With Arcadia Group becoming the latest high street retailer to pursue a CVA to close stores and slash rents, retail landlords are increasingly reaching the end of their tether. British Property Federation boss Melanie Leech outlines how the gulf between retailers and landlords can be closed
Arcadia has unveiled plans to shut 23 stores as part of a CVA, becoming the latest in a string of high-profile retailers to make such a proposal. When taken in context with similar proposals from Debenhams, Cotswold Outdoor and Paperchase, the relationship between landlords and retailers is as strained as it has ever been.
Empty shops blight our town and city centres – and everyone is poorer when a high street becomes void of life and loses its role as the beating heart of a community.

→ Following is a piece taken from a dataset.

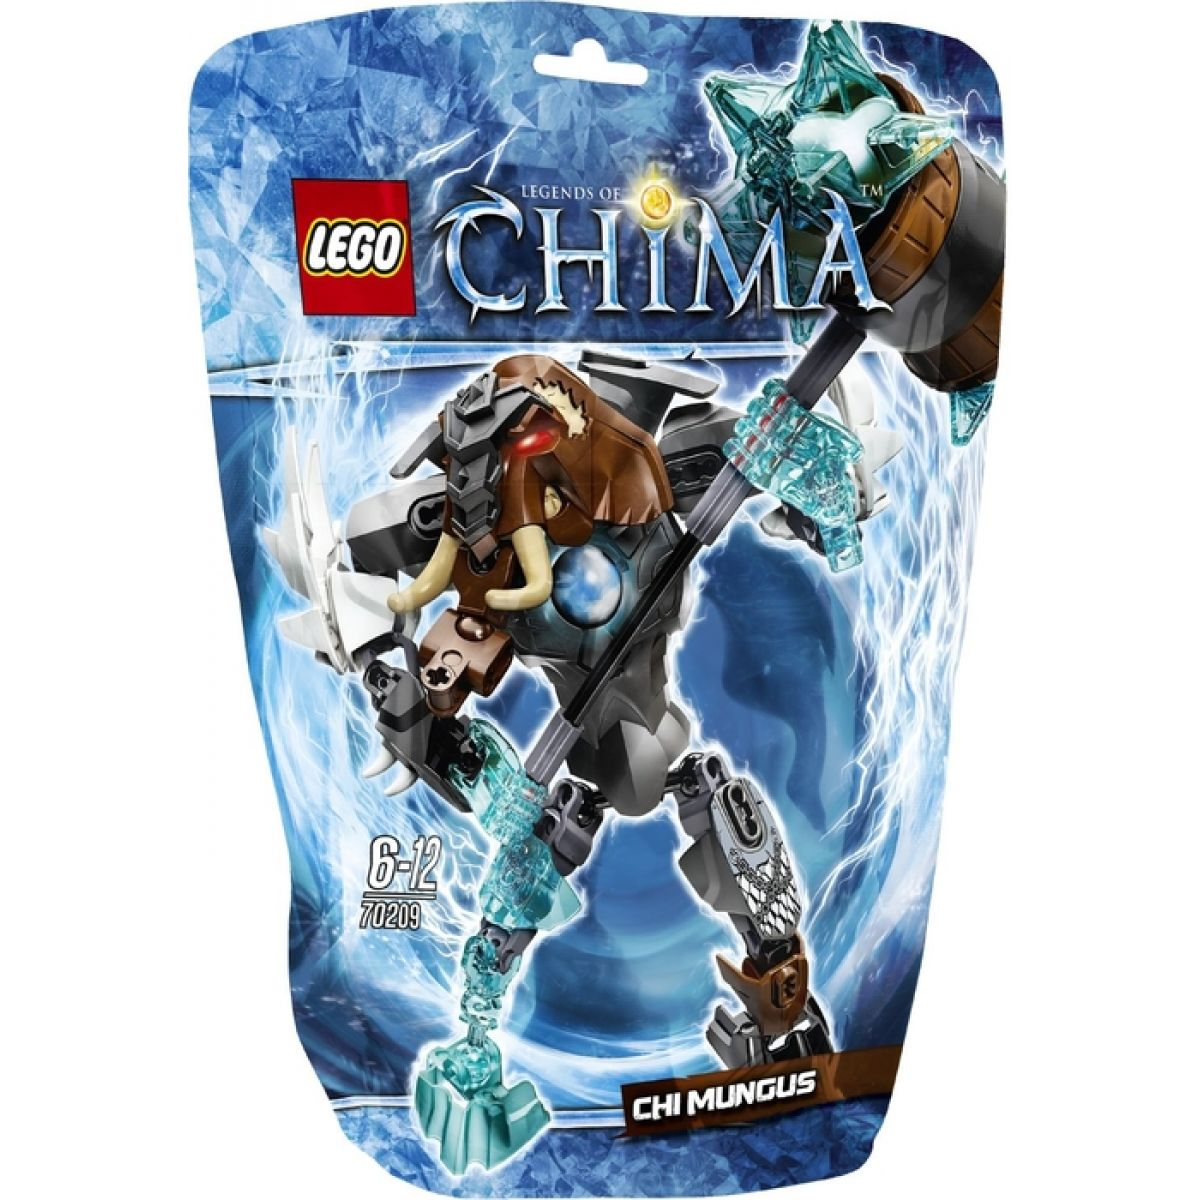 LEGO Chima 70209 Chi Mungus

Ensuring our high streets not only survive but thrive is of course a larger issue than the fortunes of retail, but retailers and property owners, as well as local and central government leadership and support, will be critical to success.
“Any CVA must be transparent – I would argue it should be seen as an opportunity to set out a positive vision for the future”
Success is undoubtedly predicated on mature and long-term partnership.
It has been disappointing to see a growing number of retailers seeming to take a short-term approach in misusing the CVA process, putting at risk our shared ambitions for vibrant town and city centres by harming the relationships between retailers and property owners, and undermining trust in the legal system that sets the framework within which we all operate.
Retailers are our customers and ensuring a sustainable future for the industry is critical to the property sector’s, and the UK’s, future.
We understand retailers are facing fundamental and acute challenges, as shoppers change their habits and competition intensifies, and property owners will want to support them where possible to restructure and restore their businesses to long-term health. That’s very much in the spirit of partnership.
But CVAs are now becoming a tool to simply shed underperforming assets within a portfolio – to enable a tenant to walk away from their lease liabilities – without that business tackling its wider challenges. This CVA bad practice is unfair and undermines those businesses who are acting in good faith, and it must stop.
Doing CVAs right
Any CVA must be transparent – I would argue it should be seen as an opportunity to set out a positive vision for the future that partners and creditors can understand and buy into, even if it requires them to absorb often large losses.
To do that, the proposals must be, and be seen to be, credible, and those affected need to have sufficient information, and time to digest it, to assess them before being asked to express their view.
We encourage any retailer considering a CVA and its insolvency practitioner to meet with the BPF’s Insolvency Committee as early as possible, to give property owners the opportunity to voice their interests and concerns and flag any proposals that will be difficult to support.
“Engaging with the BPF before launching a CVA must not become simply tokenism or a tick-box exercise”
Engagement with our the committee, which comprises a wide selection of property owners from our membership, helps to ensure property owners’ interests are better understood in the process and that insolvency practitioners have a helpful sounding board as they advise their clients – it never means the BPF has approved a CVA.
Nor is it necessarily an indication of good practice. Providing little information, or giving an unreasonable deadline for engagement, is not meaningful engagement.
Nor is launching a CVA almost immediately after meeting with our Insolvency Committee, when its clear there has been little attempt to make meaningful changes that reflect concerns raised by property owners.
Engaging with the BPF before launching a CVA must not become simply tokenism or a tick-box exercise, and we will be clear in saying so if this happens.
Through a better dialogue, the BPF has been able to influence the approach taken in CVAs and to flag clearly the potential proposals that are likely to be particularly difficult for property owners affected by the CVA to support. For a retailer acting in good faith, that should be really helpful insight to obtain.
As part of the discussion, there will always be give and take. But there are also red lines. The BPF has developed a CVA engagement guide that includes our top 10 red flag clauses – which insolvency practitioners or retailers may ask for but are considered as totally unacceptable to a property owner. For example, rental discounts must not survive the termination of the CVA.
The retail sector requires bold and innovative leadership, and the support of its critical partners – the owners of their stores and warehouses.
Only those who can work together will unlock mutual opportunities, to see our high streets become more able to adapt and innovate, to truly embrace advances in technology, to lead the charge for a more positive outlook for our urban centres, and to better mitigate the impact of political instability and macroeconomic peaks and troughs.
Getting this right will have the most profound, long-lasting impact on people’s quality of life, the sustainability of communities across the country, business performance, productivity and the UK’s economic and social wellbeing.